I read someplace that banana bread is one of the most popular recipes in North America. It’s one of those tea bread staples that never went out of fashion and somehow traveled from the bridge table to school lunches without skipping a beat.

There must be a thousand variations of the classic banana bread out there, some with peanut butter others with butterscotch chips, there are chocolate versions. I’m sure they’re all good but my favourite is really just plain old banana bread, with a touch of spice.

banana bread - slice

This is a gluten-free version of a classic banana bread. It has a lovely moist crumb and a subtle spice flavour. The molasses helps make it extra moist and adds a flavour that works beautifully with the banana. Use very ripe banana’s for an intense banana flavour.

gluten free banana bread with molasses

No one would even guess that it’s gluten free.

If your banana’s aren’t ripen enough you can always ripen them in the oven. Here’s how.

This recipe works well as mini muffins too.

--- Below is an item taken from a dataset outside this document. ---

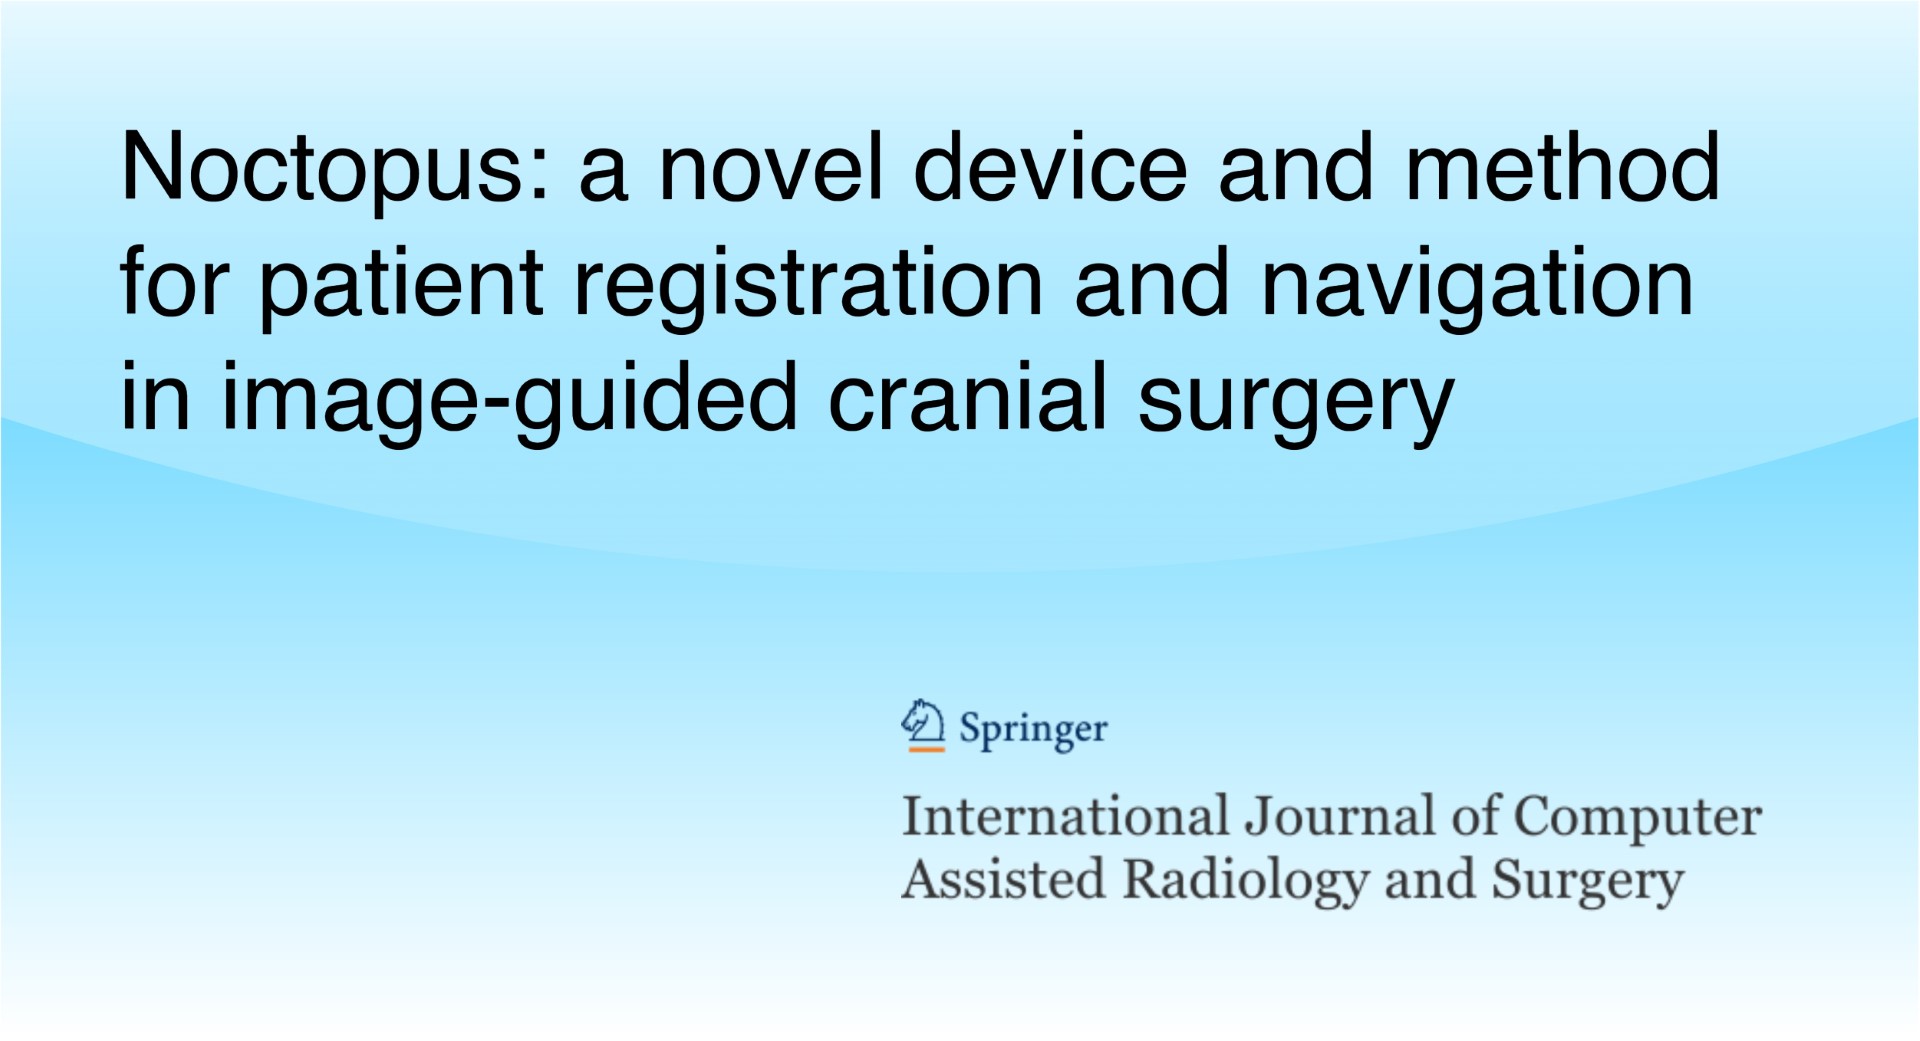 Noctopus: a novel device and method for patient registration and navigation in image-guided cranial surgery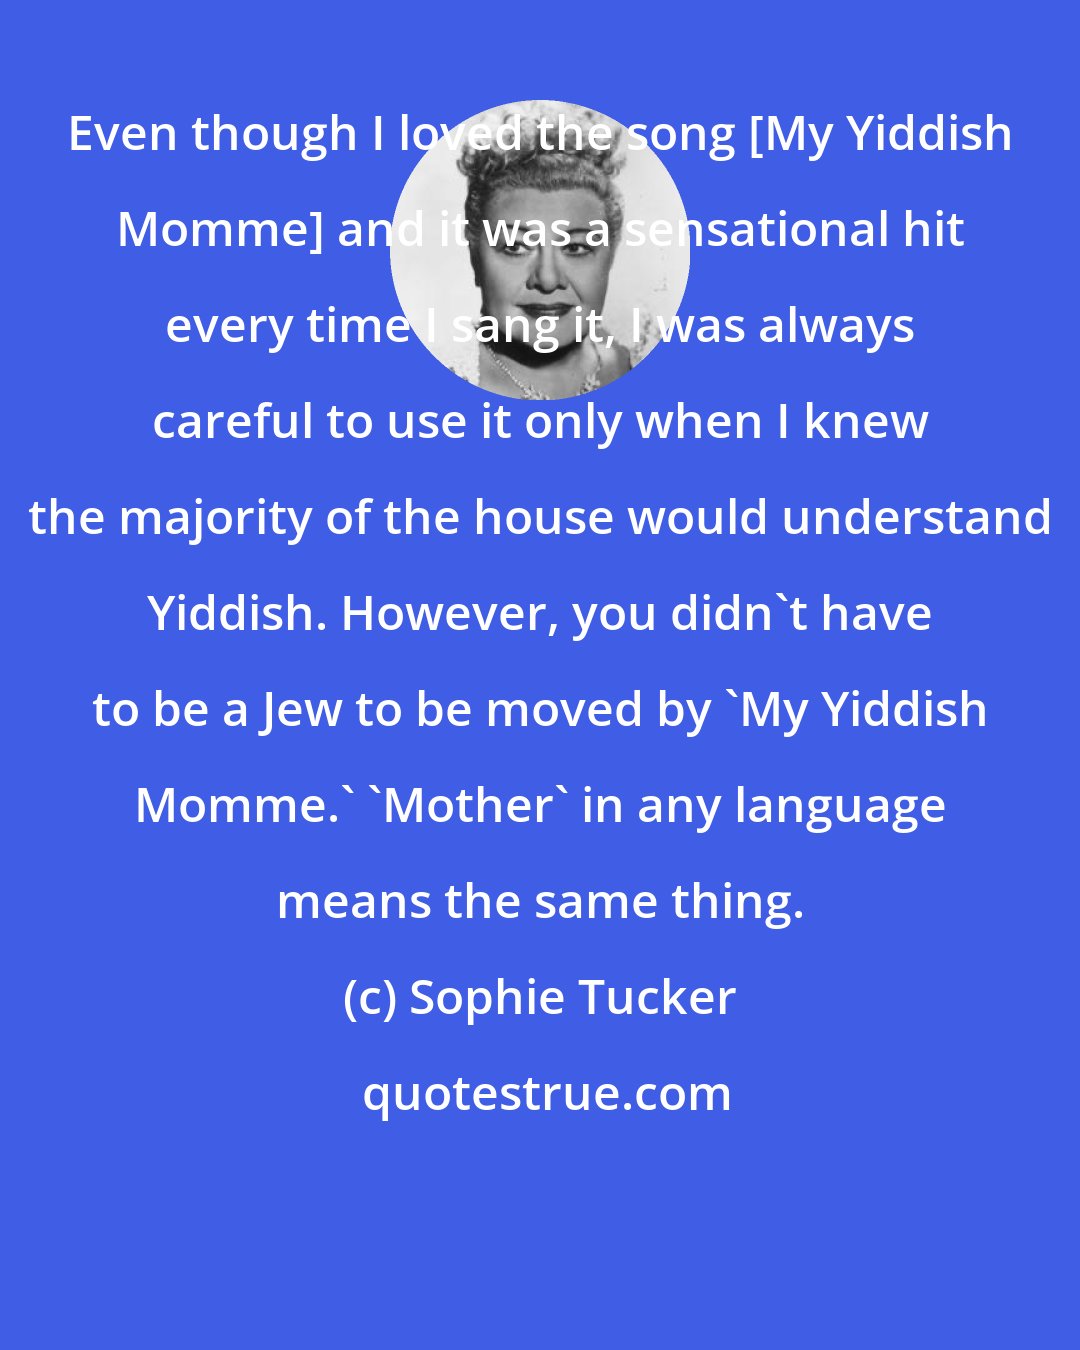 Sophie Tucker: Even though I loved the song [My Yiddish Momme] and it was a sensational hit every time I sang it, I was always careful to use it only when I knew the majority of the house would understand Yiddish. However, you didn't have to be a Jew to be moved by 'My Yiddish Momme.' 'Mother' in any language means the same thing.

Gluten-free Banana Bread with Molasses Recipe

Adapted from Hun…What’s for dinner?

Ingredients:

  • ½ cup butter, melted
  • ¼ cup sugar
  • 1/3 cup Crosby’s Fancy Molasses
  • 2 eggs
  • 3 Tbsp. buttermilk, yogurt or soured milk
  • 1 tsp. vanilla
  • 3 ripe bananas, mashed (about 1-1 1/4 cups)
  • 2 cups gluten-free flour blend*
  • 1 tsp. baking powder
  • ½ tsp. baking soda
  • ¼ tsp. salt
  • 1 tsp. cinnamon
  • ½ tsp. nutmeg

* Gluten-free flour blend: 4 cups fine brown rice flour, 1 1/3 cups potato starch (not potato flour), 2/3 cup tapioca flour. Whisk together and store in an airtight container. (Recipe from The Allergen-Free Baker’s Handbook)

Instructions:

  1. Grease a large loaf pan or line it with parchment paper. (Or use three mini loaf pans).
  2. In a large bowl combine the melted butter with the sugar and stir well. Add the molasses and then the eggs, one at a time. Stir in the buttermilk, vanilla and then the mashed banana.
  3. In a separate bowl combine the flour blend, baking powder, baking soda, salt and spices.
  4. Add the dry ingredients to the wet ingredients and stir gently, just until combined. Take care not to over mix.
  5. Bake at 350 F for 50-60 minutes.
  6. Let cool in pan 10 minutes before upending on cooling rack.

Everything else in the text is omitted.